As a microbial ecologist, part of my job is to try and assign taxonomy to all of the microbial critters living in the habitats I study. For archaeal or bacterial 16S rRNA gene sequences this is relatively easy. The Ribosomal Database Project have a naive Bayesian classifier which is trained on a large curated database of archaeal and bacterial 16S rRNA gene sequences. Best of all, it is implemented in the popular bioinformatics pipeline Qiime, making it nice and easy to apply to your own data.
But what if you are for dealing with fungal ITS sequences instead? Well a recent paper from Deshpande et al. piqued my interest for several reasons. The paper describes a new curated database of fungal ITS sequences and demonstrates that the RDP naive Bayesian classifier does a decent job of classifying ITS sequences when trained on this database.
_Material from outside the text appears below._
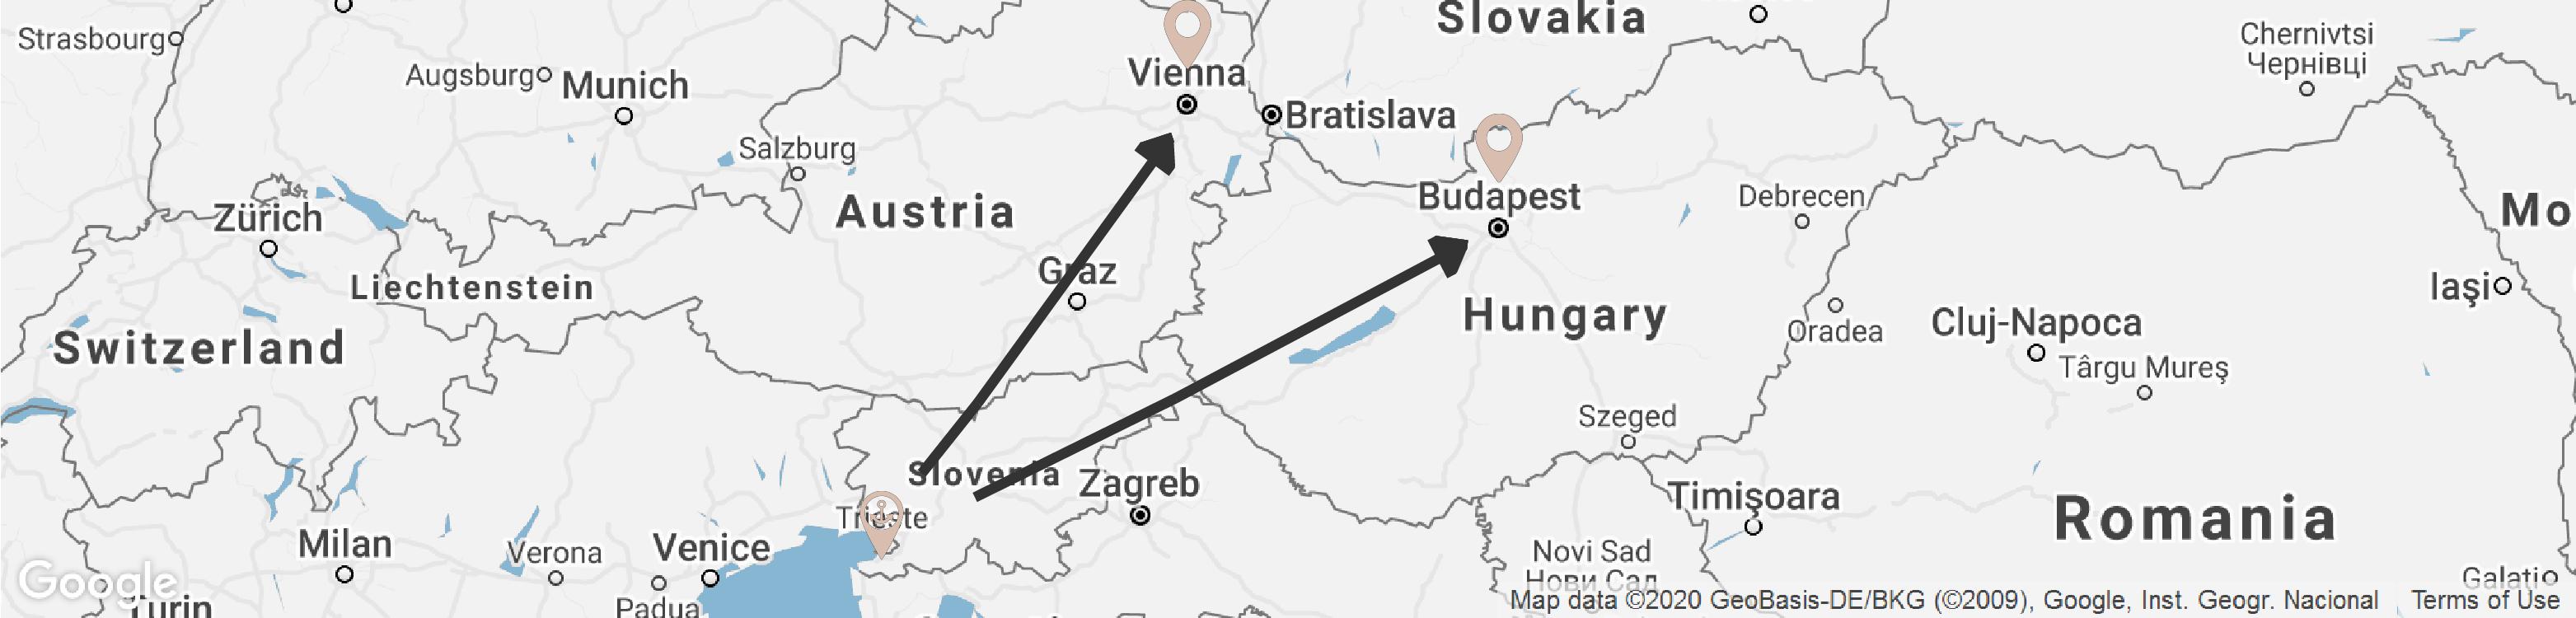 budapest vienna map

Unfortunately, using the RDP classifier on ITS sequences means going off piste so to speak and using the standalone classifier outside of Qiime. Given that most people never use the classifier outside of Qiime, I thought a brief demonstration might be useful. For all of the following, I’m assuming you’re using BioLinux and are at least somewhat familiar with the Linux terminal.
First of all, clone the RDPtools github repo like so:
git clone https://github.com/rdpstaff/RDPTools.git
Then, enter the newly created directory and set up the RDPtools software:
cd RDPTools git submodule init git submodule update make
You’ll get a lot of text whizzing through the terminal, don’t worry, you haven’t yet entered the Matrix! Once these processes finish the classifier has installed and is ready for use. However, we must now download some additional files which will allow the classifier to classify our fungal ITS sequences. To download these files, type:
This may take a few minutes depending on your connection speed. The files are packaged in what we call a tarball (kind of like a windows zip folder).
To unpack them:
tar -zxvf data.tgz
Now when we list the contents of our directory, we can see a new directory, “data”, has been created. This folder contains all the files we need to use the Warcup based classifier (and also the UNITE and LSU data handily).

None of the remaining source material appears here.